Quarto film-documentario (i precedenti sono sul Texas) di Roberto Minervini, regista marchigiano, che vive e lavora negli Stati Uniti. Presentato al Festival di Cannes del 2015, nella sezione Un certain regard e, successivamente, a Berlino.

 

Louisiana (The other Side) è un racconto dell’aspetto più segreto e oscuro degli Stati Uniti, quello che il cinema ha trattato generalmente nei documentari – firmati da registi militanti  e impegnati – o nelle pellicole del cinema indipendente americano che ha fatto conoscere l’America meno conosciuta, quella fuori dai circuiti turistici, seguendo i quali tutto è bello, pulito e scintillante.

Louisiana è, secondo le dichiarazioni di Roberto Minervini, uno scrupoloso documentario, girato da lui e da una coppia di operatori, che a turni di mezz’ora (il tempo massimo oltre il quale la pesantissima macchina da presa a spalla non sarebbe stata sopportabile) si erano avvicendati nelle riprese.


In fase di post-produzione, egli stesso aveva sottoposto tutto il materiale raccolto a un montaggio severissimo, senza risparmiare tagli, per farne un’opera così accurata ed elegante da risultare infine un vero film d’autore, capace di trasmettere la dignità dell’universo dei perdenti che aveva avvicinato, amato e rispettato nella loro emarginazione rassegnata e disperata.

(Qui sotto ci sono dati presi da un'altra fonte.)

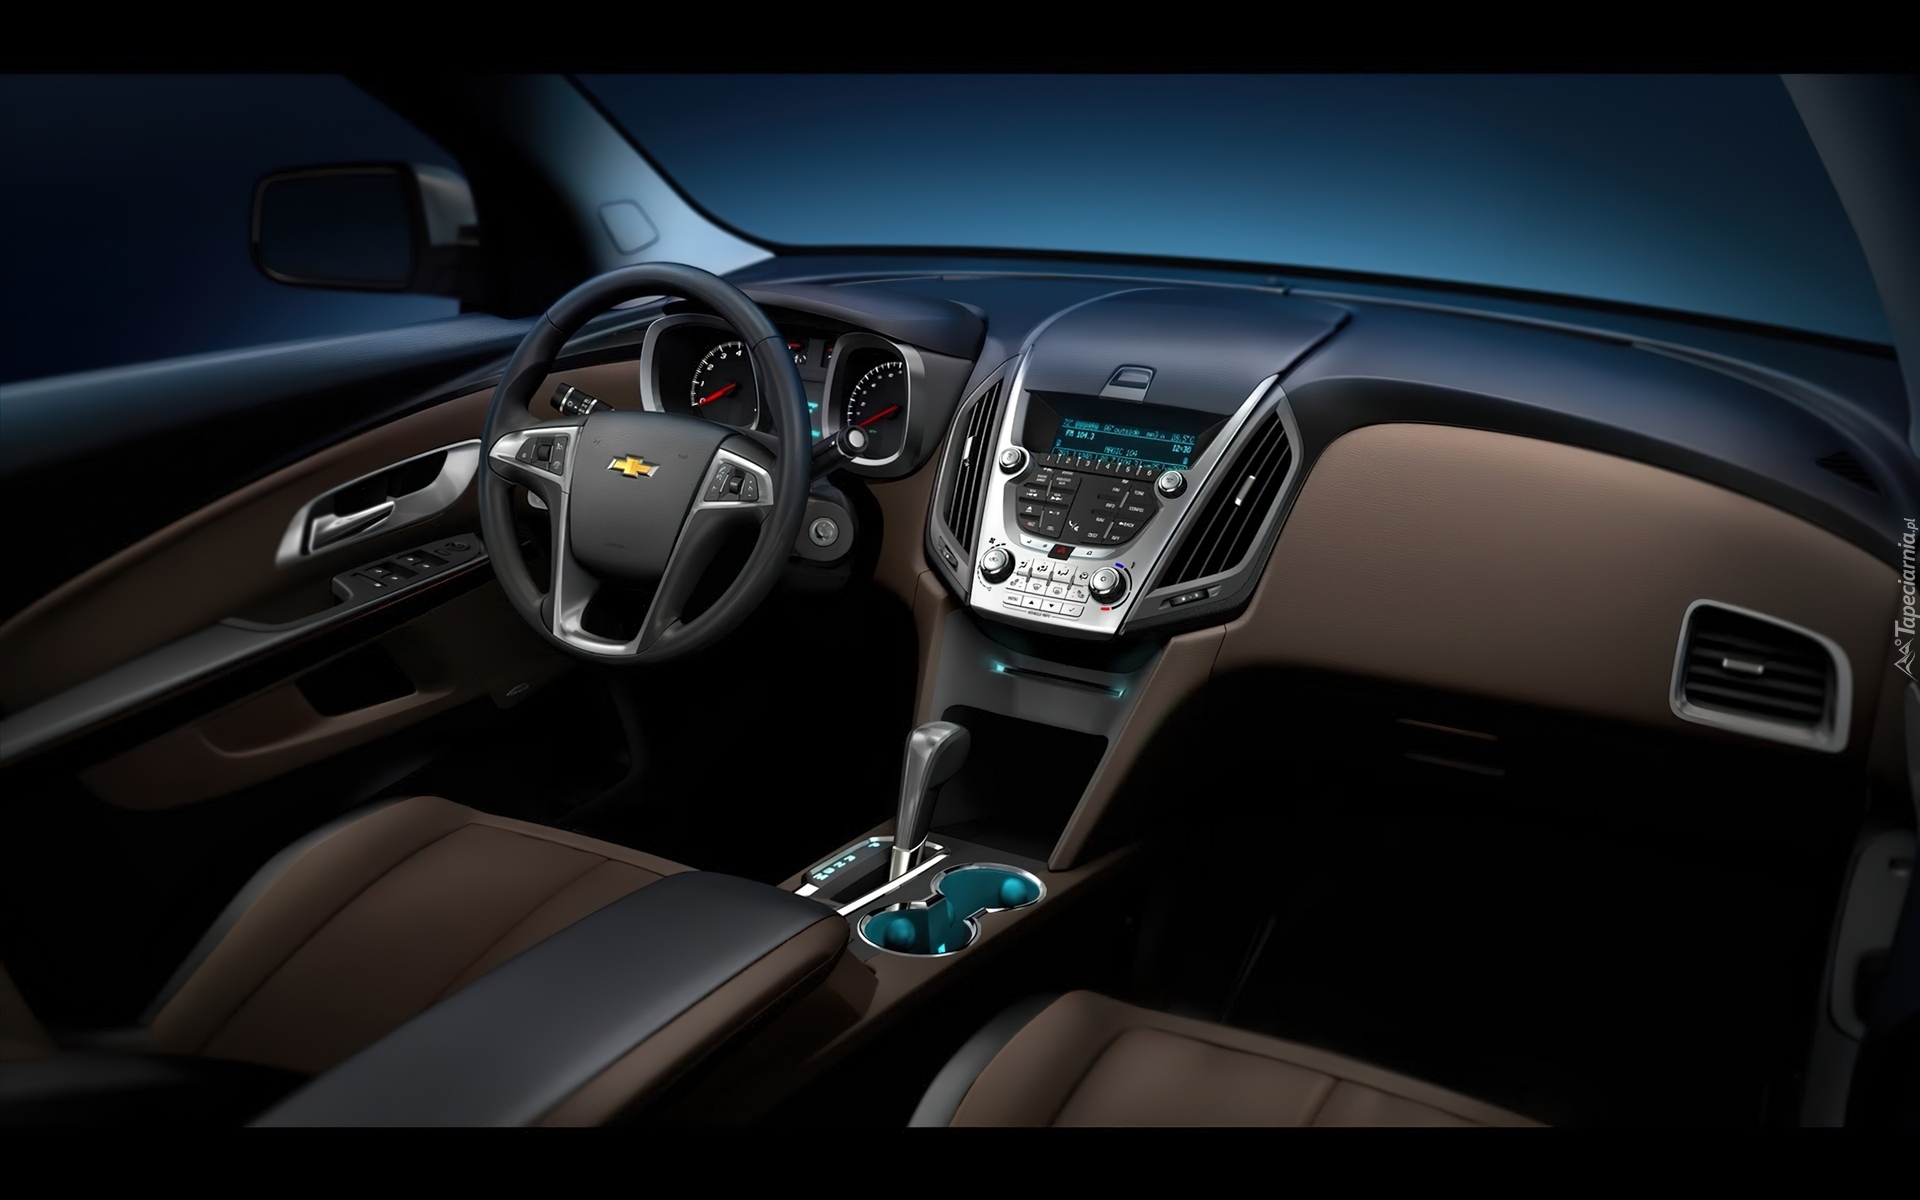 Chevrolet Equinox, Panel, Klimatyzacji

L’opera si muove lungo due percorsi narrativi, il primo dei quali segue le giornate di un giovane drogato, produttore e spacciatore di crack, nelle sue relazioni familiari, nella sua vita sociale e amorosa.

 

 

 

 

Il secondo percorso, apparentemente il più politico, segue a distanza ravvicinata le discussioni un po’ buffe fra gli anziani che confusamente ricordano il loro passato di sindacalisti democratici e i discorsi di un gruppo di razzisti che, vivono in stato d'assedio, terrorizzati dalla prossima invasione dei loro territori e delle loro case, e che si esercitano con mitra e bombe ad affrontare il pericolo, al fine di salvaguardare le proprie amatissime famiglie.

 

 

 

 

Ne risulta un lavoro insolito dai contenuti inattesi che, sebbene inquietanti, imbarazzanti, dolorosi, non diventano oggetto di illuministica denuncia dell'ingiustizia sociale, poiché il regista lascia prevalere sempre il racconto soggettivo dei looser  senza contraddire e senza obiettare.

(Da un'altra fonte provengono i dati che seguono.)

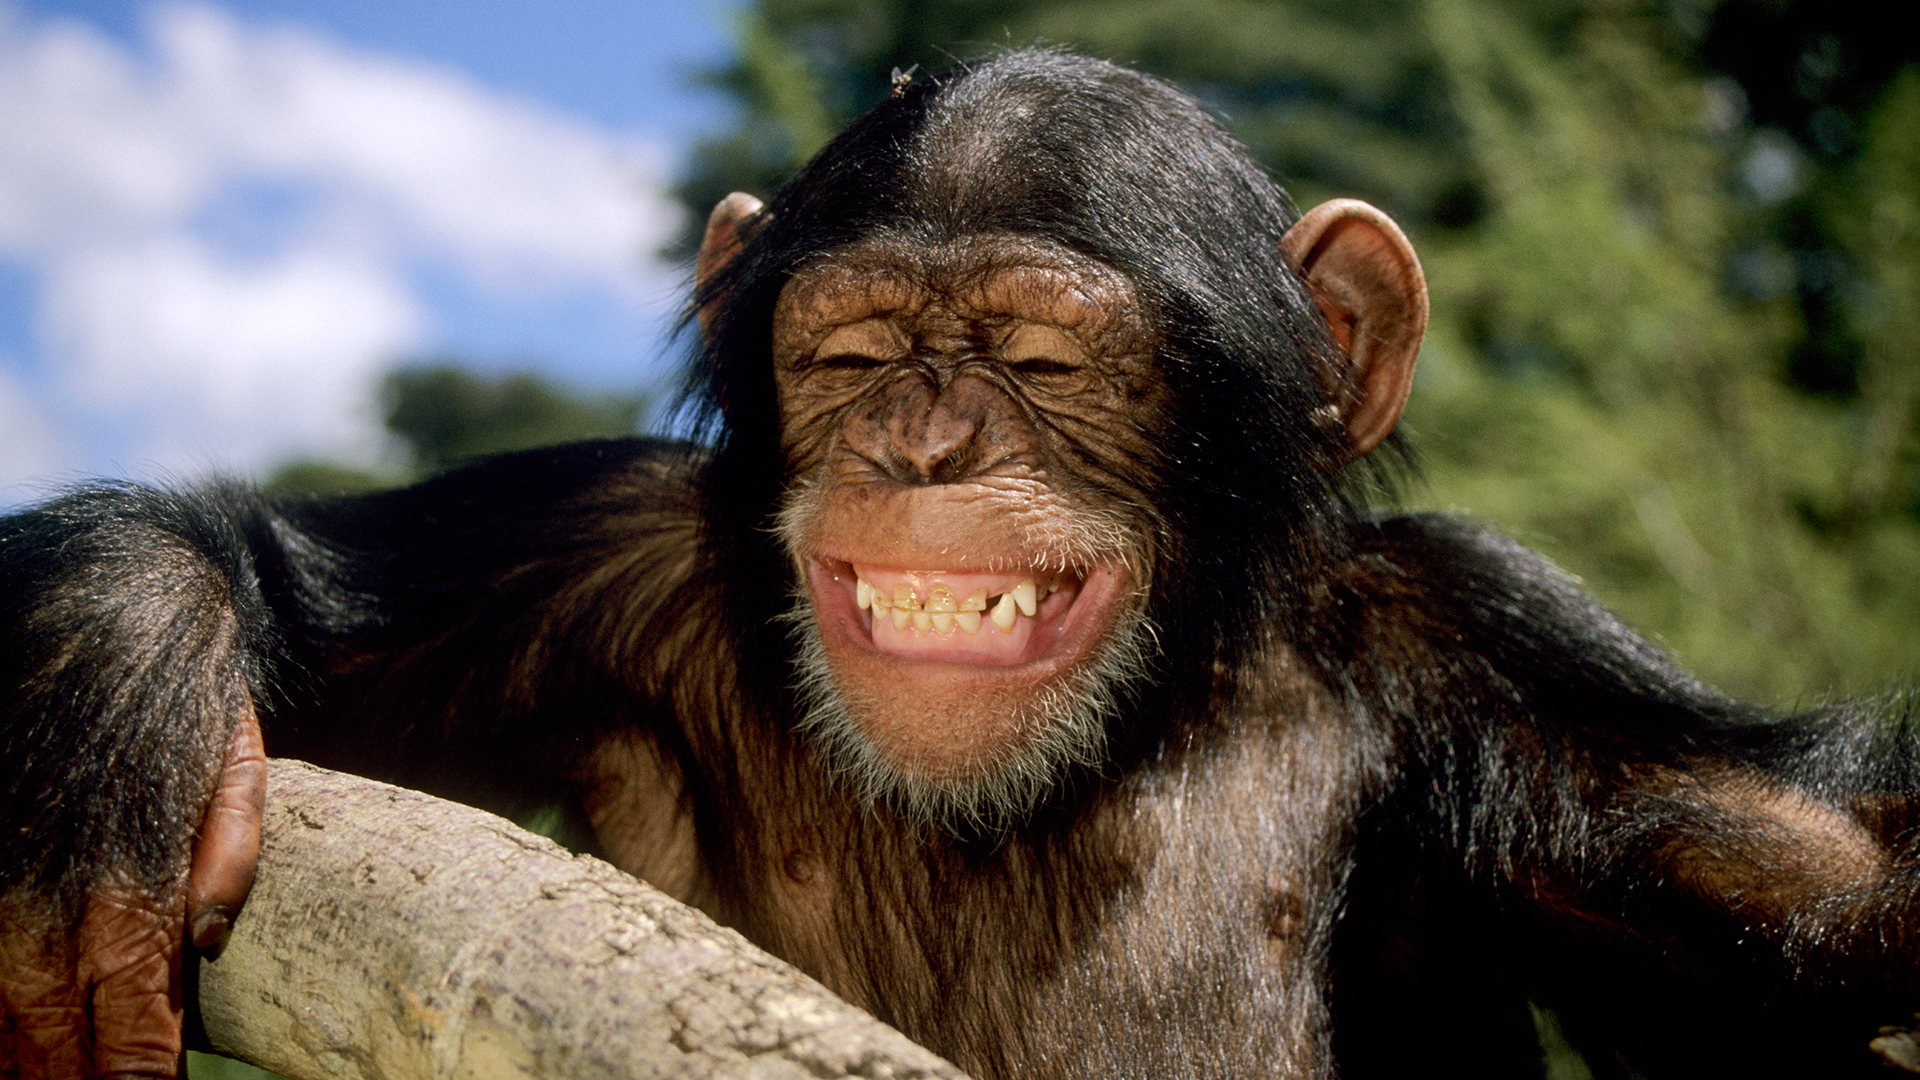 Ein junger Schimpanse - scheinbar lachend.

Sono uomini di un’America diversa, quella degli sconfitti nelle loro illusioni e confusamente ribelli alle leggi e allo stato, ritenuto responsabile delle loro sventure. Essi non solo sostengono le ragioni di coloro che doovrebbero combattere, ma dichiarano il proprio odio razziale per  chi ha creduto a Obama e lo ha votato, finché, alla fine del film, si impegnano in un raccapricciante atto terroristico contro l’auto che ospita l’effigie dell’odiato presidente.

 

È dunque un originale film-documentario creato da un talentuoso regista che ha cercato nella nitida bellezza delle immagini di restituire dignità umana al dolore: può diventare molto disturbante per gli spettatori che, aspettandosi un tradizionale documentario si sentono completamente straniati.

Consigliabile vederlo: potrebbe aiutare a comprendere meglio i fatti gravissimi di Capitol Hill e la fascinazione dei disperati verso un furbacchione capace di creare illusioni e attese irrealizzabili.